=== EXTRACTED RECORDS ===
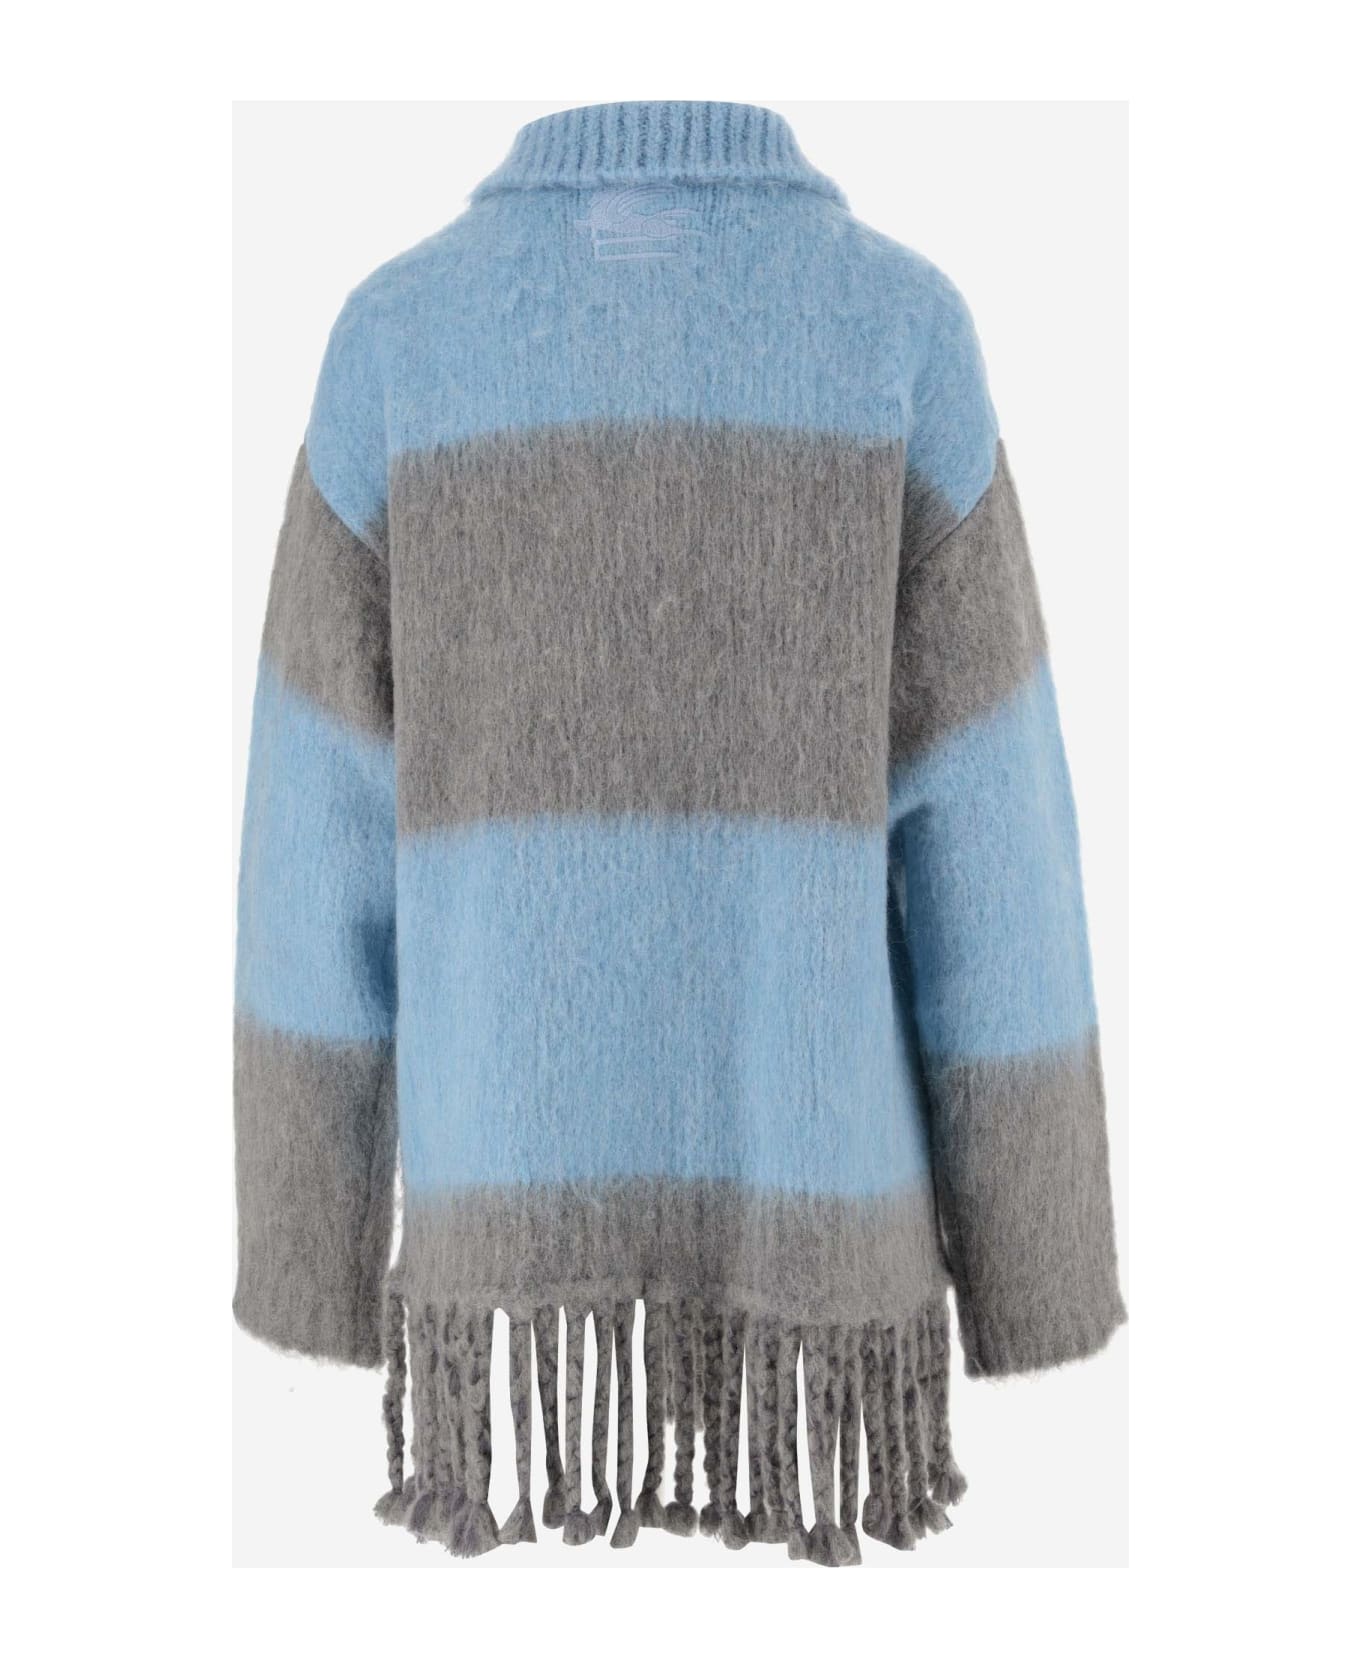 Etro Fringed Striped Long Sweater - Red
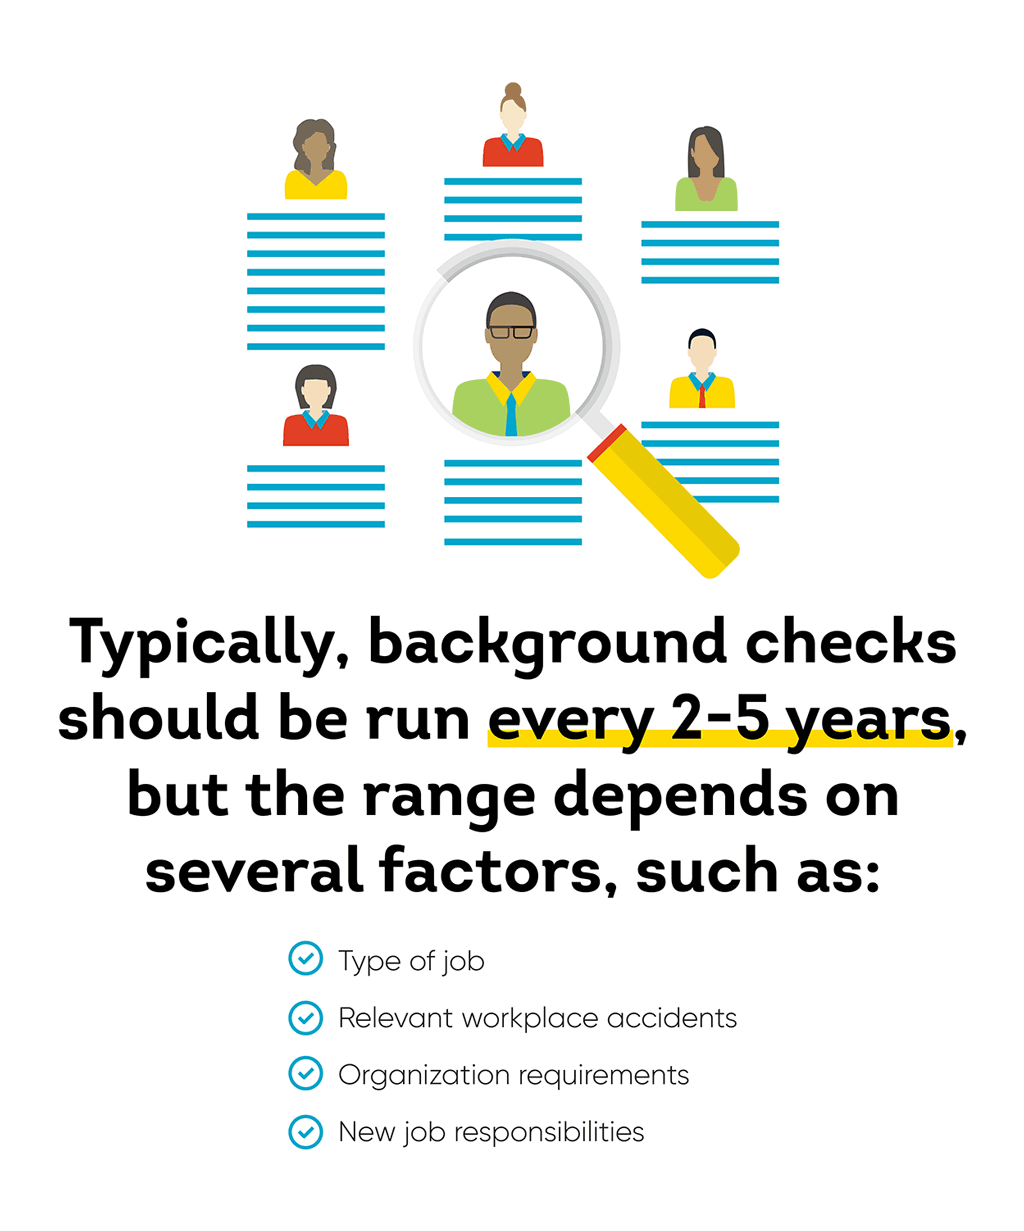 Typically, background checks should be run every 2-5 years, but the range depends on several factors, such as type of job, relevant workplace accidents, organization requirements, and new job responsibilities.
===
=== EXTRACTED RECORDS ===
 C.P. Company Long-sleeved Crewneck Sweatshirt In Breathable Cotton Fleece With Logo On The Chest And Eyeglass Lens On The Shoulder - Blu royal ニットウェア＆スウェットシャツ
===
In the entries above, find the line that contains "Etro Fringed Striped Long Sweater - Red" and the line that contains "Typically, background checks". Reproduce exactly those two lines and every line between them, but not the pictures.

• COMPLETED EXERCISE
 Etro Fringed Striped Long Sweater - Red
 Typically, background checks should be run every 2-5 years, but the range depends on several factors, such as type of job, relevant workplace accidents, organization requirements, and new job responsibilities.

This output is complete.